Ridiculously Detailed Apollo 15 Simulator Could Help Us Return To The Moon

Ridiculously Detailed Apollo 15 Simulator Could Help Us Return To The Moon

Scientists at the European Space Agency are using a powerful new simulator to relive the Apollo 15 mission in excruciating detail. By revisiting this and other missions, the researchers are seeing old data with new eyes, and the exercise will also help in the planning of future missions.

Developed by NASA’s Jet Propulsion Laboratory, the system is called SPICE, and it’s allowing researchers with the European Space Agency to recreate historic missions in high-definition, 360-degree virtual reality, according to an ESA press release.

This is an amazing and informative exercise in its own right, but SPICE is also offering new ways of demonstrating and validating archival scientific data. At the same time, it’s providing a new platform for testing systems that are expected to be used during upcoming lunar missions.

The SPICE platform being used by the ESA is stationed at its ESAC astronomy centre in Spain.
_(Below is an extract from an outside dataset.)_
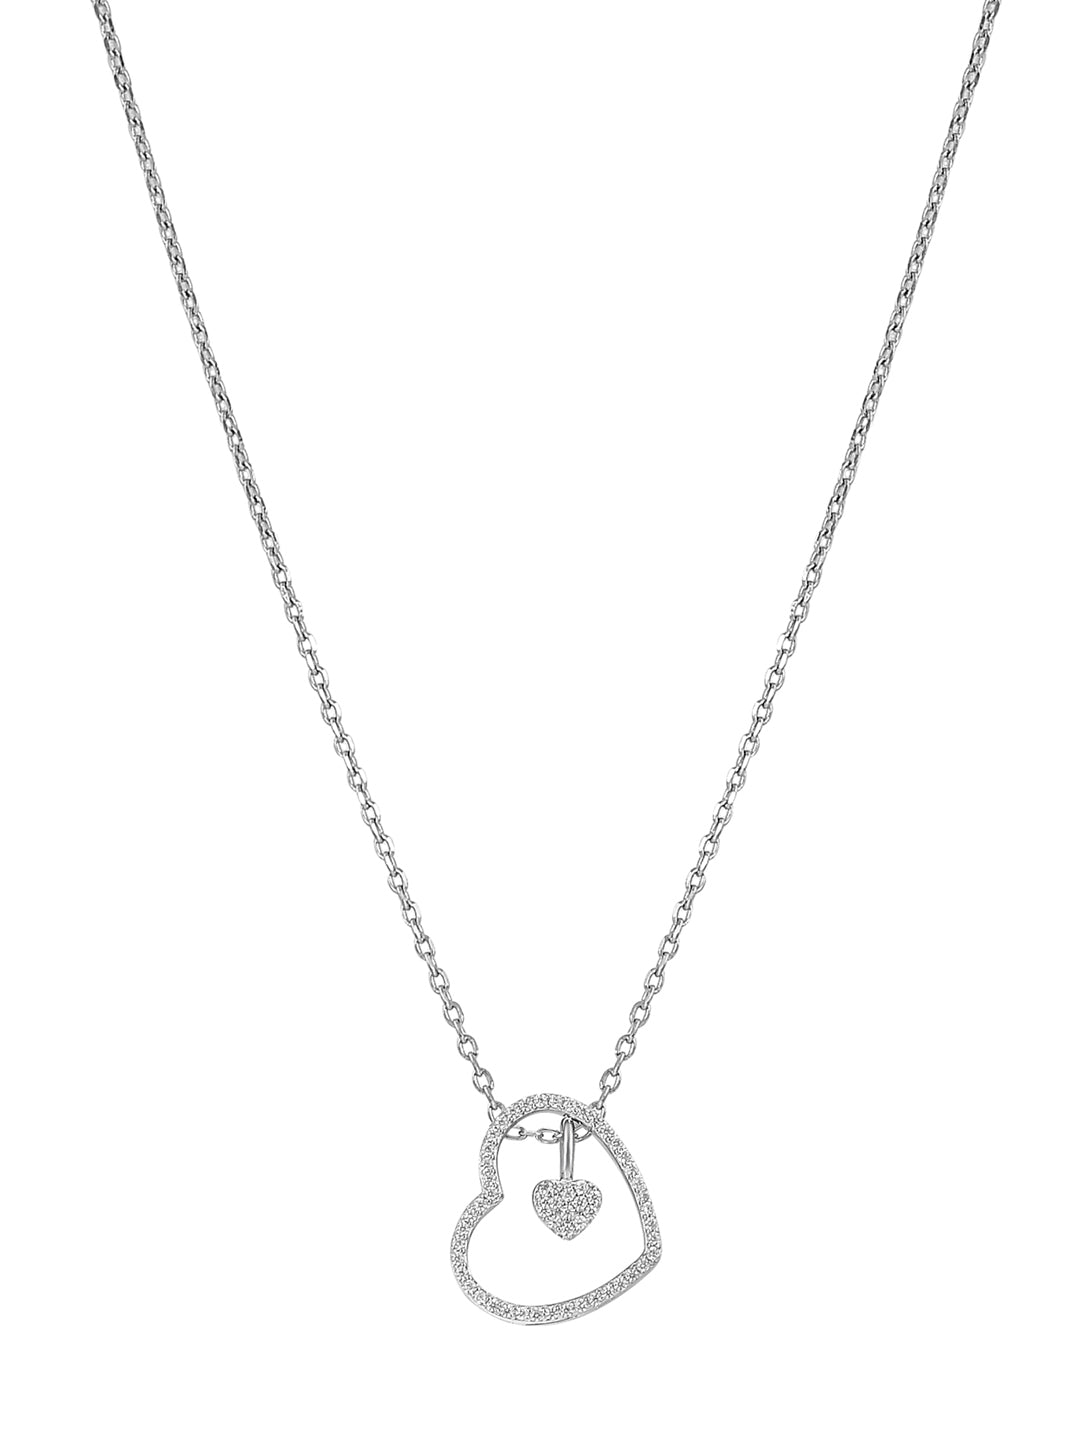 Swarovski Heart Necklace in Sterling Silver

This software can interpret and process data collected from previous missions, such as the 1971 Apollo 15 mission to the Moon, which was well-equipped with scientific instrumentation. This old data finding new life.
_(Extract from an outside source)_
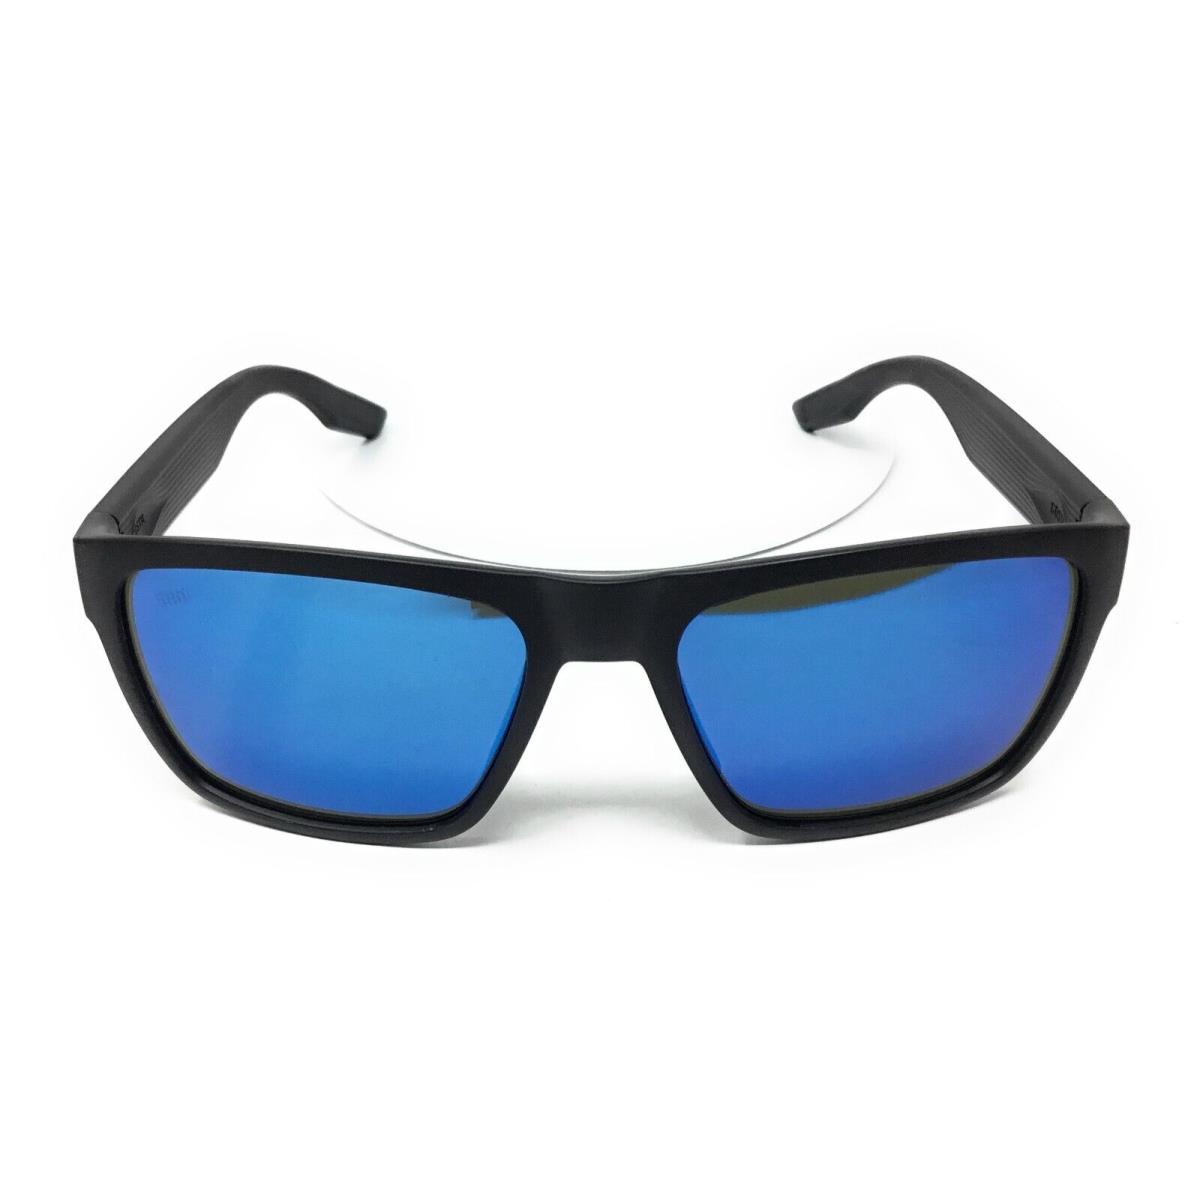 Costa Del Mar Paunch Xl Men`s Blue Mirror Polarized Sunglasses 6S9050 905001 59 - Frame: Black, Lens: Blue

This has allowed the team, for example, to simulate the view of the lunar surface as seen from the Apollo 15 Command Service Module (CSM) as it orbited the Moon.

“By combining positioning data with a highly detailed digital elevation model of the lunar surface, we can know exactly what the instruments were pointing at as they [recorded] their results,” explained ESA project scientist Erik Kuulkers in the press release.
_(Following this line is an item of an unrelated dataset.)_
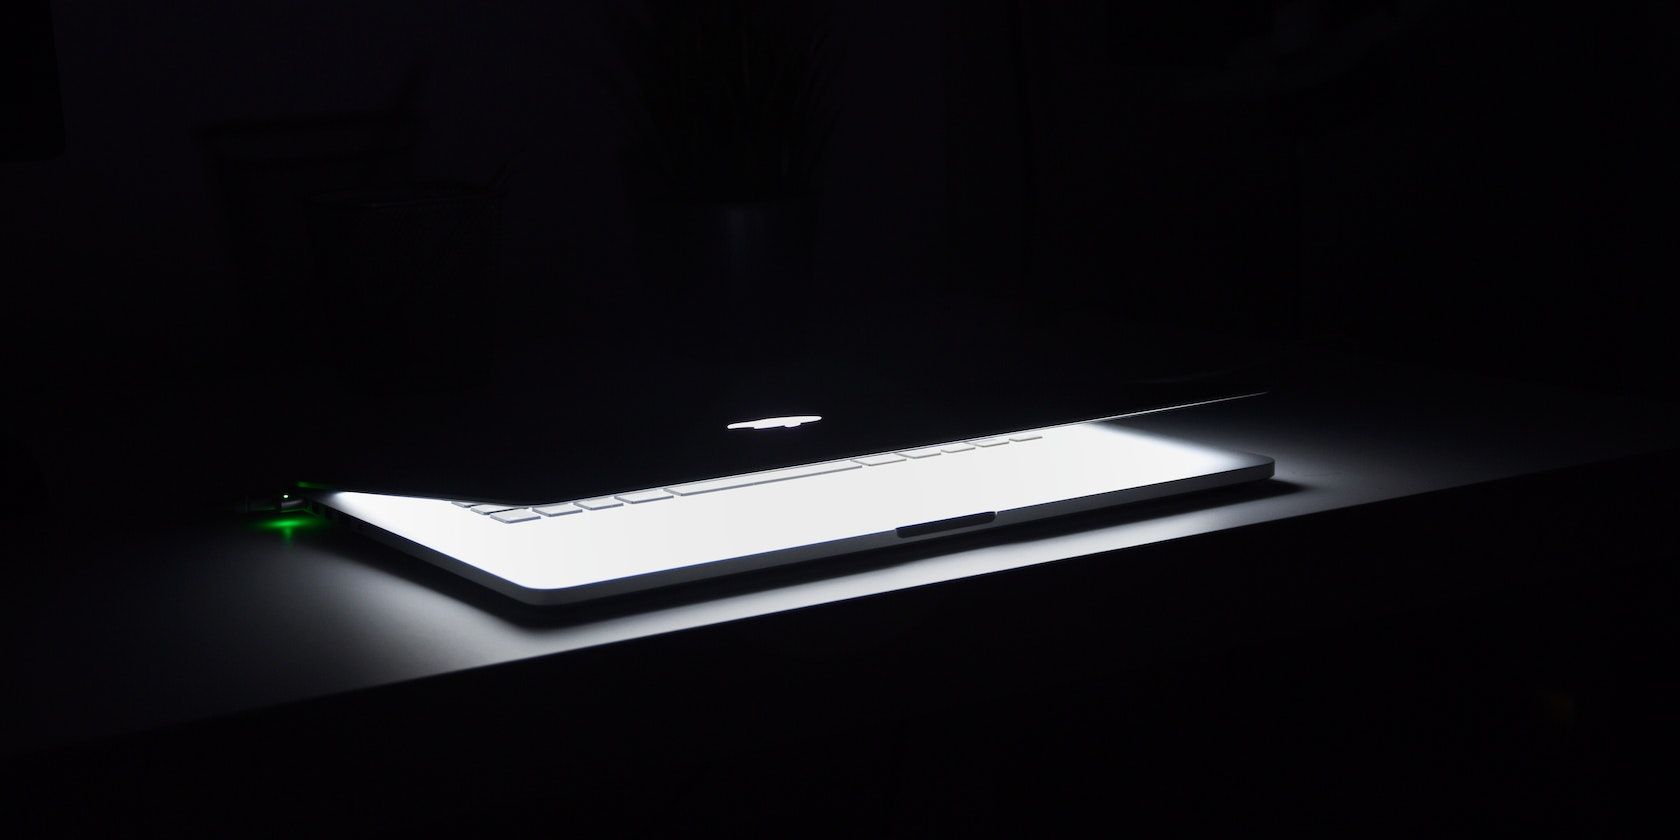 Half-closed MacBook glowing in a dark room

To collect information like the orbiter’s altitude, orientation, and velocity, the researchers pulled information from the CMS’s Gamma Ray Spectrometer and X-Ray Fluorescence Spectrometer. Data collected by these tools wasn’t meant for this (they were being used to measure the composition of the Moon’s surface, among other things), but this data is now being leveraged in a very cool way.

“These two instruments were mounted together in the Scientific Instrument Module (SIM) of CSM,” said ESA SPICE Service engineer Alfredo Escalante López. “To check the accuracy of our recreation we went on to compare images gathered by the visible-light Mapping Camera, also in the SIM with our artificially generated views.”

Using topographical data collected by modern instruments, such as the laser altimeter on NASA’s Lunar Reconnaissance Orbiter, the scientists were able to achieve resolutions of 5 metres per pixel.

In addition to the overhead lunar flyby, the researchers have simulated and subsequently studied the landing of the Apollo 15 Lunar Module and a drive around the landing site aboard the Lunar Rover. The scientists have also simulated the ESA’s 2003 SMART-1 mission, which tested solar electric propulsion and made observations of the lunar surface.

Future applications of SPICE will allow various ESA teams to prepare for future missions, such as Mars Express, Venus Express, Rosetta, the ExoMars Trace Gas Orbiter, BepiColombo (Mercury), and Russia’s Luna-27, which is scheduled to explore the lunar surface looking for water ice and other minerals as early as 2025. By simulating future missions to the Moon, the researchers can develop and test systems capable of avoiding perilous terrain, among other tricky mission requirements.

Another cool aspect about SPICE is that the ESA is making all of this data available to the public. So if you’ve got virtual reality headset, buckle up and relive some of the most iconic moments in space history.